I do miss her, I really do, as you miss anyone you once loved. Maybe I still love her but it’s irrelevant now isn’t it? The memories will always be there and I can’t deny that she had an influence on me. A huge one, both good and bad but how would I let the actions of one woman ruin an entire culture for me? For a smart woman she sure could be stupid as fuck.
I may even go out to some of the Brazilian bars in London. And, I know what you’re thinking… Gringo is going hunting for girls. Who could blame me really? They’re fucking beautiful. I totally have a weakness for that accent now but that isn’t it. I miss the food, the drinks etc. There’s this beautiful casual way of life in Brazil. Everything is done in time, not rushed. I really love that.

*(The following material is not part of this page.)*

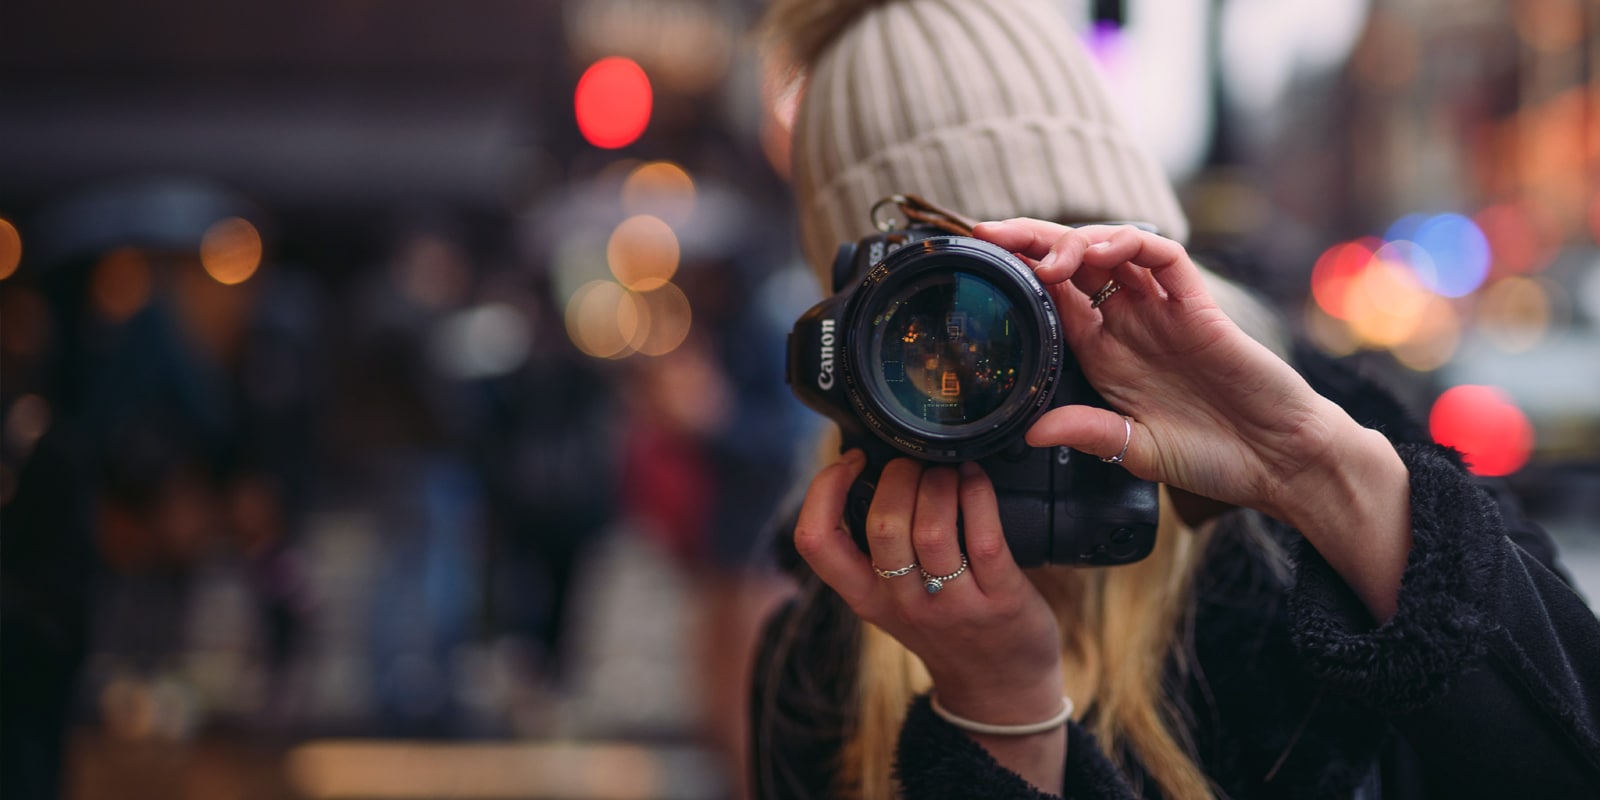 An image of a woman taking a picture with a camera

I also enjoyed the ease with which I could socialise. The women seemed to like me and they weren’t afraid to let me know it, I find that refreshing. It’s so rare to have a girl just outright say she likes you here. Cultural difference I guess? It’s also rare to strike up a random conversation that leads to a friendship here. Honestly if I could manage it I would just skip country.
I have a feeling Id be happier there if I could make a decent living. I miss the wildlife and beautiful natural scenery. There’s really nothing like that here. I understand why Brazilians come to London but I also understand why they return home. Who would want to stay here forever unless their situation at home is infinitely worse?

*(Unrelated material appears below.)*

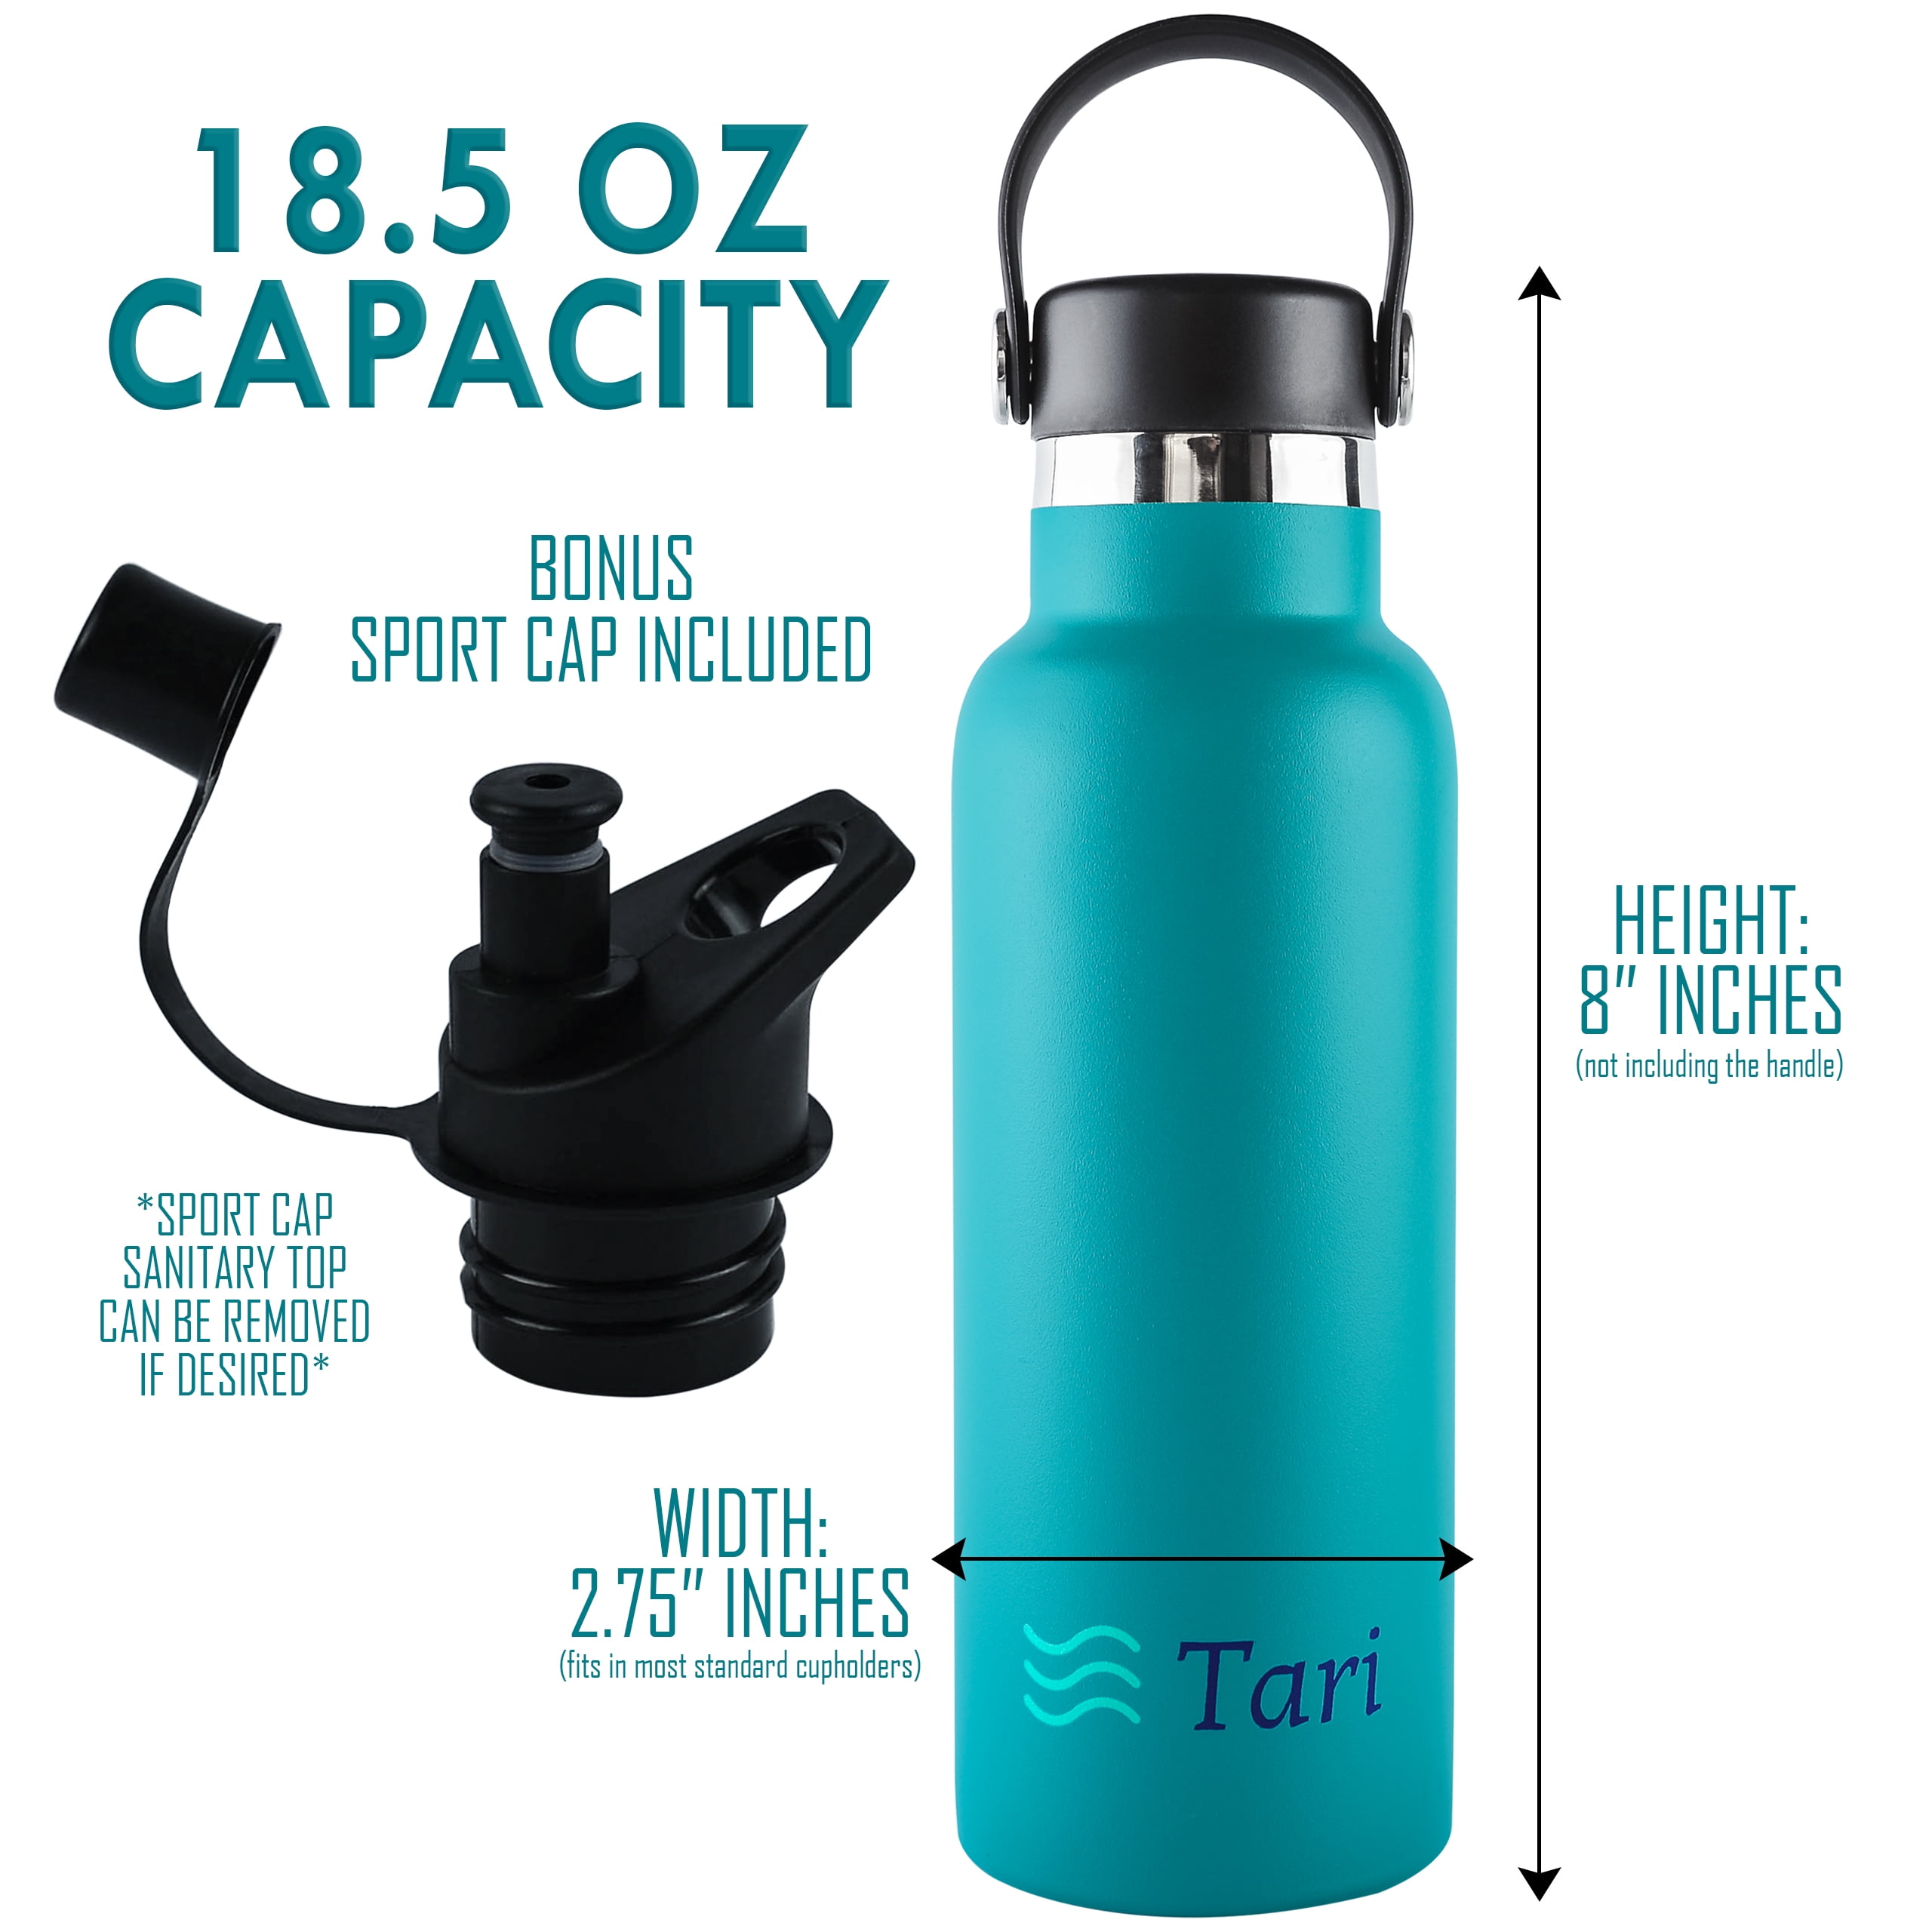 Triple Insulated Stainless Steel Water Bottle with Straw Lid

I’d trade the relative safety of London for Brazil any day. It’s funny, how full of yourself can you be to believe you could wreck someone’s view of an entire group of people?
In a closing statement, I’m not going to claim that everything that happened was her fault. I fuck up, I make mistakes and my words are sometimes razor edged. I always attempted to right my wrongs and let her know she was more important than whatever we argued about. And finally, I do not fetishise those women. I do however have a massive weakness for them probably as a consequence of my positive experiences with them.